Новый Мир ( № 7 2007) - Новый Мир Новый Мир
Шрифт:
Интервал:
Закладка:
Яко соние, яко цвет время жития течет; что всуе мятемся?
Св. Андрей Критский.
Не уходи, Лизонька! Ты всегда уходишь…
Знаешь, Лизонька, мы вышли с Зюмой после “Большого вальса” на Театральную, смотрели этот фильм в “Метрополе”, там был кинотеатр в три зала, и Зюма говорит, а настроение такое необыкновенное, в ушах Штраус, и еще лето, довоенное, солнце светит, а она — Асенька, сними шляпу!
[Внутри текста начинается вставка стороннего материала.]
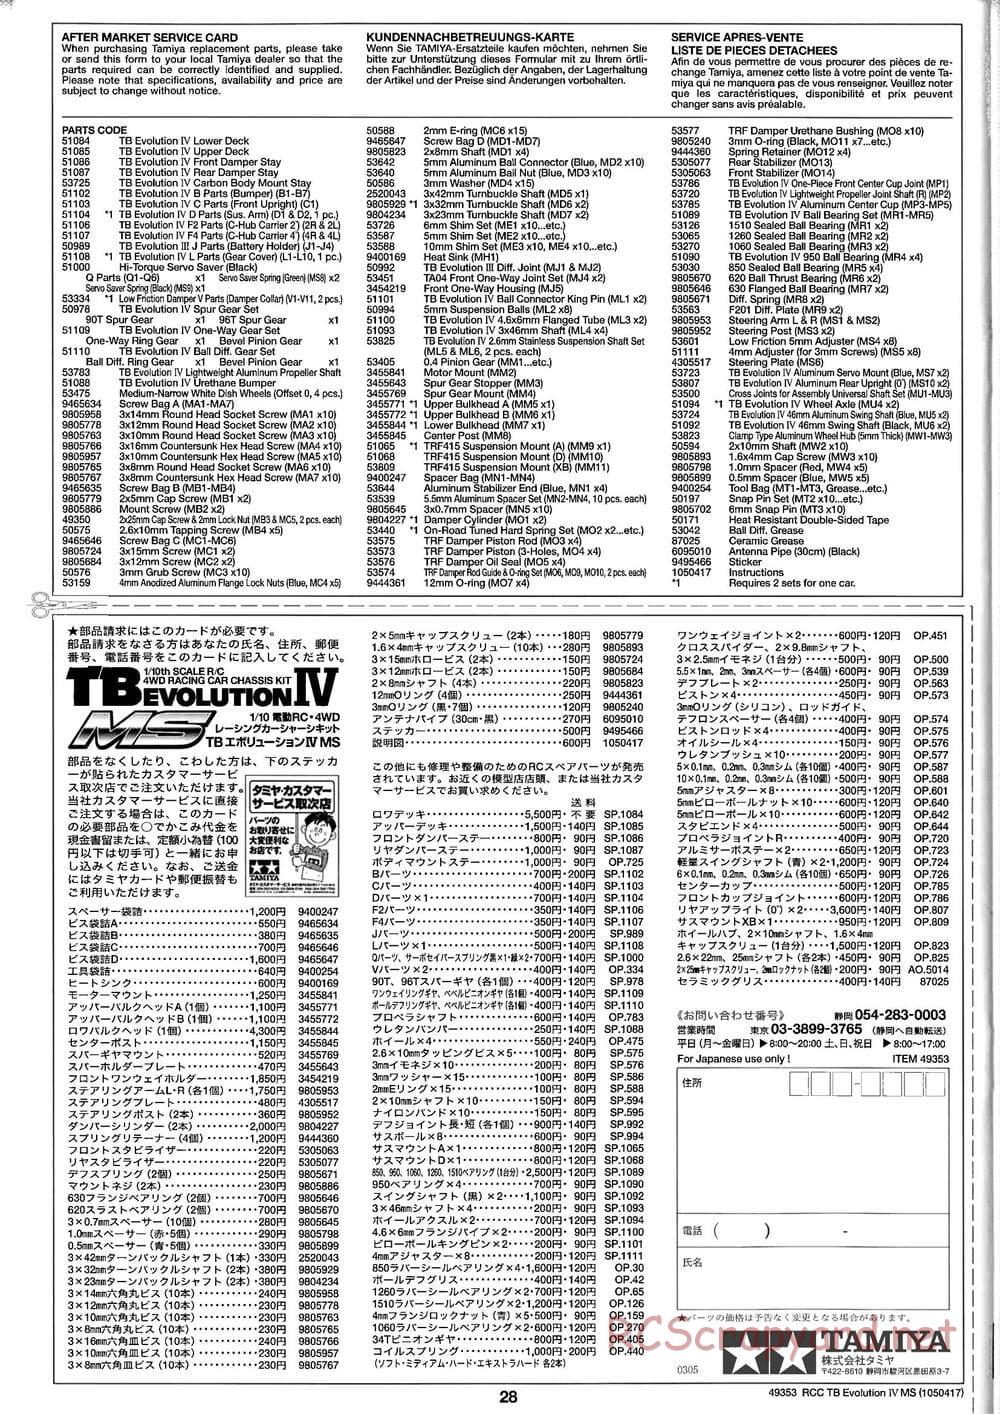 Tamiya - TB Evolution IV MS Chassis - Manual - Page 28

Пусть все видят твои золотые волосы! А я уже замужем была, я сняла шляпу, и тут ветер, и волосы мои дыбом. Теперь смешно. Но, вообще, мы с Нинкой, теткой твоей, обожали шляпы. И мамочка нам купила. Из соломки рисовой. С огромными полями. С цветами. И даже в Ташкенте, в войну, как сейчас вижу, моя сестра сидит на приступочке глиняной. В шляпе. Это когда ее еще не призвали как медичку. Хорошенькая. Глаза — две сливы. А мы с ней только из столовой вернулись, где по талонам эвакуированным давали затируху. Каша не каша, суп не суп. В жестяной миске темная мука комками, разведена водой, и кружок желтый с копеечку — масло хлопковое поверху плавает. Вонючее. А Нинон — Война кончится, сварю нам затируху из настоящей белой муки, на сливочном масле.
Томска не помню… Но московское начало ясно обрисовывается — папа Коля нас бросил, а папы Миши еще с нами не было, — как я бегала голодной и холодной, и одна, мамочка на работе, в Наркомпросе. Папе Коле, Николаю Николаевичу, Реввоенсовет квартиру предоставил на Арбате в Серебряном переулке, а у нас с мамочкой жилплощадь — ванная; мы в ванной жили, в Артшколе, в Лефортове, а почему Артшкола? папа Коля вначале тоже там жил, но у него комната роскошная, окна под потолок, а у нас пол кафельный, крысы как кошки, а за стенкой кухня для курсантов, плиты и умывальники в ряд. Спасибо, комиссар Буся, это его так домашние звали Бусей, нас в ванной оставил, когда папа Коля на Арбат уехал. Многие тогда на Арбат, одних выселяли, другие въезжали в их квартиры, в особняки, и даже мебель прежняя от прежних жильцов. А Буся меня с мамочкой пожалел; он к мамочке как-то по особенному относился, и в Ташкенте, когда мы в эвакуации были, перед фронтом зашел. Слава Богу, его не успели расстрелять. Как война, вернули из лагеря, военные стали нужны, и он, кажется, под Курском погиб.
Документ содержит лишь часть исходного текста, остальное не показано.